What makes the REV docket different from reforming market structures in other industries is the critical nature of the utility company throughout the effort. But Deiuliis said that the state has gone through something similar before — when it deregulated the state’s vertically-integrated utilities and gave control of the transmission system over to the New York Independent System Operator.
“Unlike other competitive industries, utilities are obligated to provide reliable service and they have a number of mandates that competitive players don't have,” Deiuliis said. “So, some of those same questions were absolutely in the public debate when the state deregulated, and this just so happens to take that kind of concept and add numerous other complexities to it.”
But even with those complexities and the hundreds of stakeholders involved in the process, the DNV GL consultant said the focus of the proceeding has not been lost.
“What I like about the REV proceeding is they're very crystal clear that customer value is at the fulcrum of why they're pursuing the initiative, and, in a way, how [they are proceeding,]” she said. “I think the discussions keep returning to that.”
ConEd, for its part, remains focused on gleaning lessons from its demonstration projects that will help it form its Initial DSIP, set to be filed in June. The utility has three projects — a connected home platform, an efficiency marketplace for large customers, and a clean virtual power plant, which aims to test value chains around aggregated residential solar and storage.
“The goal of the demonstration projects is to test business principles and concepts, potential value chains, and value acquisition costs to determine if this is legitimately a viable opportunity for participants in this space,” Ketschke said.
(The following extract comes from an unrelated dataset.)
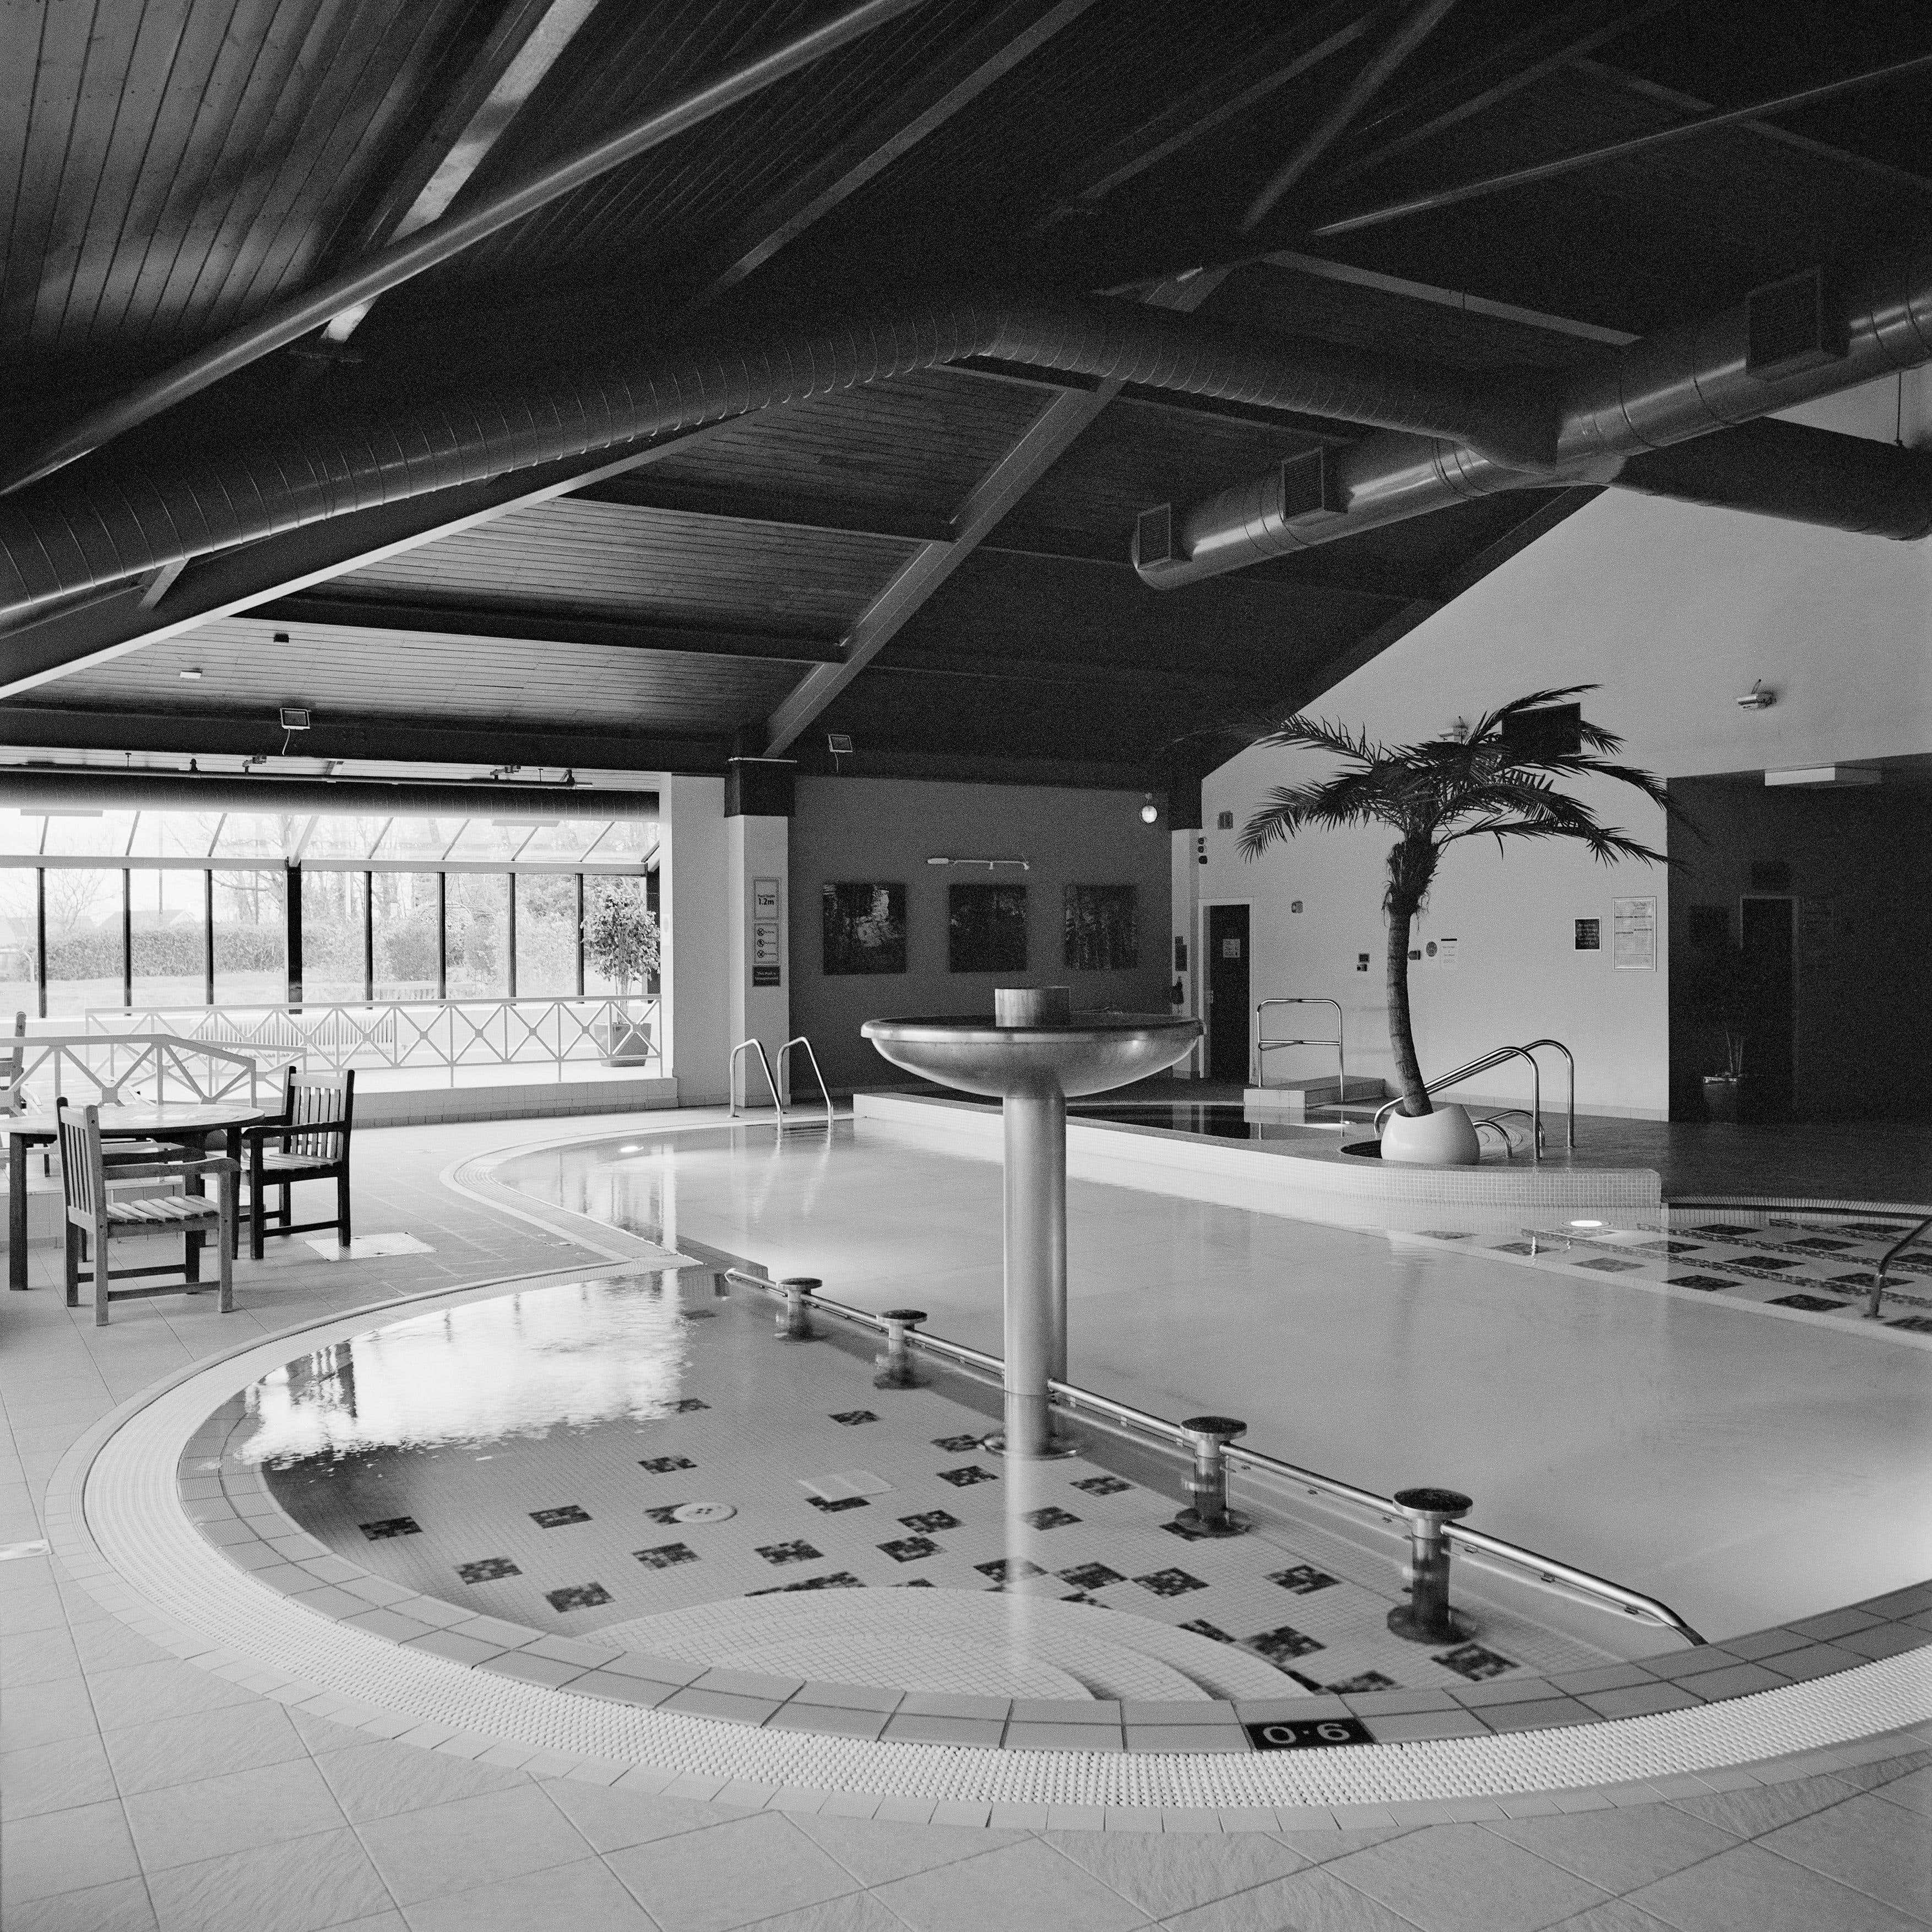 Monochrome quadratische architektonische Fotografie: Swimming Pool-Design mit Brunnen

As ConEd and other utilities study their projects, other filing deadlines in the REV docket will continue to shape future utility practices throughout 2016. Just last week, stakeholders filed initial comments regarding customer and aggregated data provisions, available on the PSC website. Public hearings are scheduled for Jan. 26 on the REV docket, with technical conferences on MBEs and EIMs scheduled for the 28th and 29th.
And throughout the process, Ketschke said helping to shape the REV reforms will be a top priority ConEd and the other utilities in the state.
“We are fully focused on the activities that are going here,” he said. “I don't know exactly where we're going to end up, but we're going to continue to evolve and things are going to continue to move along in this process.”